Mac Remote Access
Sunday, October 15th, 2023
This blog serves two purposes:
- Sharing information that I hope is useful to others
- Aide-Memoire for yours truly
This post falls into the second group, something I’ve done in the past but forgotten.
Background
The current project requires the test environments to be expanded. Several of the environments are running on Raspberry Pi SBC which is feasible now that they are available in volume once again. There is one exception, a Mac Mini with a M1 processor. This environment allows the usual tests to be run in the same manner as the Raspberry Pi boards. It also gives the ability to build the code and attach a debugger to the board invaluable for tests that are known to be failing and need to run for an extended period of time.
This sort of setup is ideal for running headless, no monitor, keyboard or mouse; we can just use MacOS screen sharing and ssh.
What is Wrong?
Enter a new (well secondhand) Mac Mini. Setup went well, attached a keyboard and mouse and ran through the setup process with no issues. Logged on to the Mac and all is well. A few configuration tweaks to enable screen sharing and remote login were required, nothing too complex, just a case of setting the right permissions.
Next step, test the remote connection. Screen sharing started OK and the Mac appeared on the network with file sharing enabled. Time for a reboot.
System rebooted OK, time to browse the network.
The new machine was not showing in the network browser and ssh was able to establish the connection.
Back to the still connected keyboard and mouse to log on. Once logged in the system once again appeared in the network browser and screen sharing and ssh worked flawlessly.
Time for another reboot and the same thing happened, machine booted OK but nothing appeared on the network until a successful login through the attached keyboard and mouse.
The Solution
This is where it gets odd. Apparently, you have to turn FileVault off. That’s right you have to turn the disc encryption off in order to enable fully remote logon.

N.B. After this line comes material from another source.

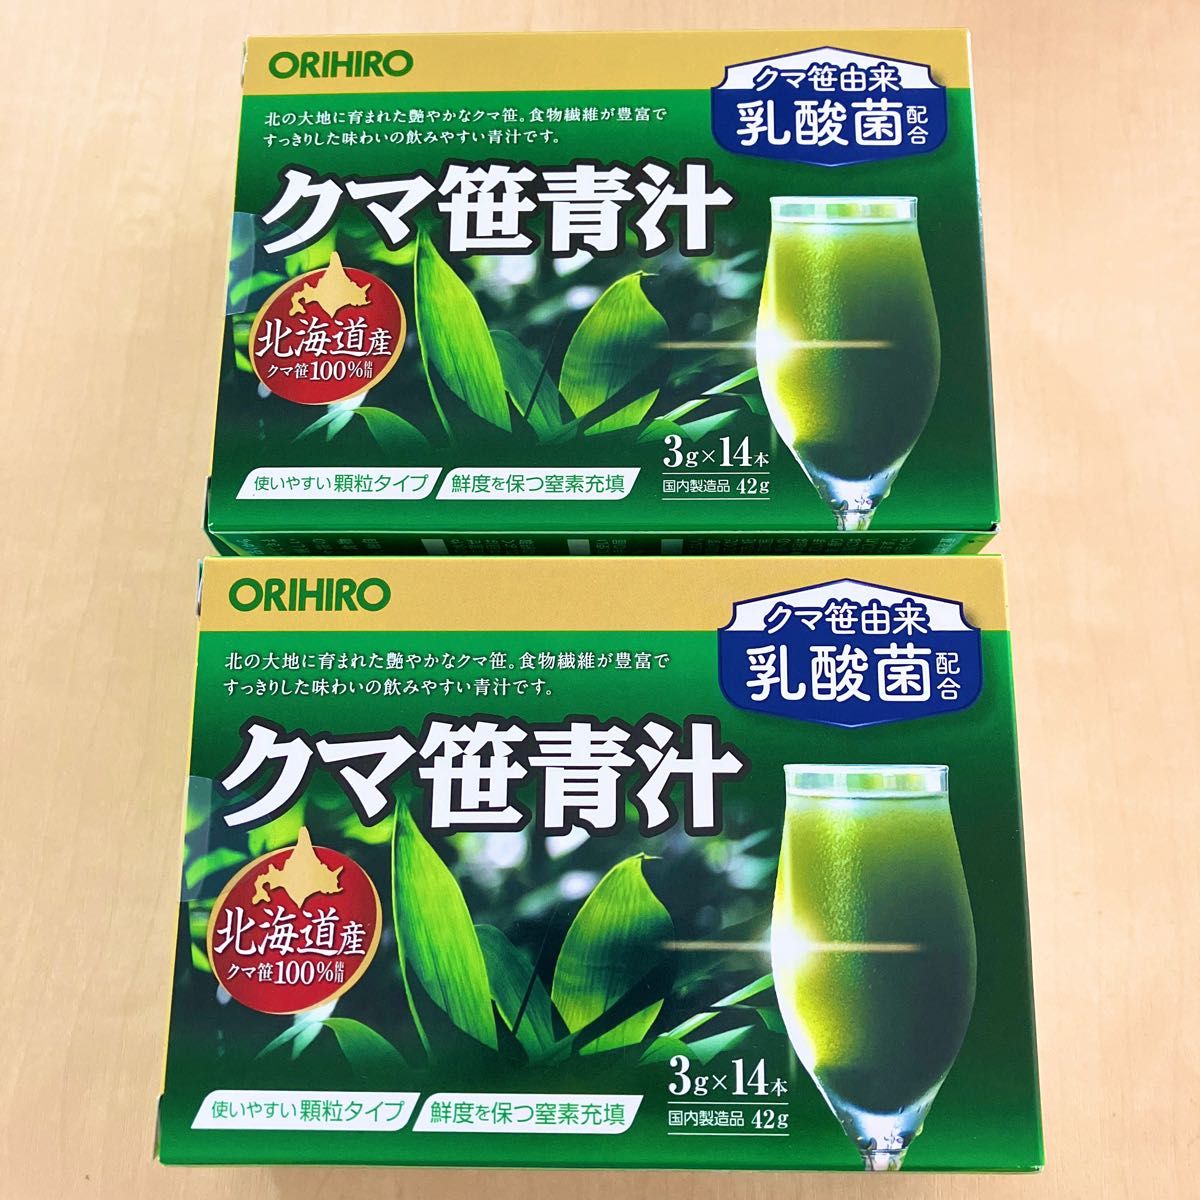 オリヒロプランデュ クマ笹青汁 北海道産クマ笹100% 3g×14包 2箱

FileVault is turned on automatically during the MacOS installation processes which makes sense. Disc encryption will make it harder for a malicious actor to recover sensitive information from a machine, so disc encryption on modern machines is good. The side effect of this is that you must logon to the Mac via an attached keyboard before it will turn up on the network.
Conclusion
I have a solution of sorts but I do find it odd that disc encryption must be disabled before remote services can be enabled on the Mac. After all, if you require remote access to a system then you are likely to be putting the physical machine in a location where access is going to be difficult.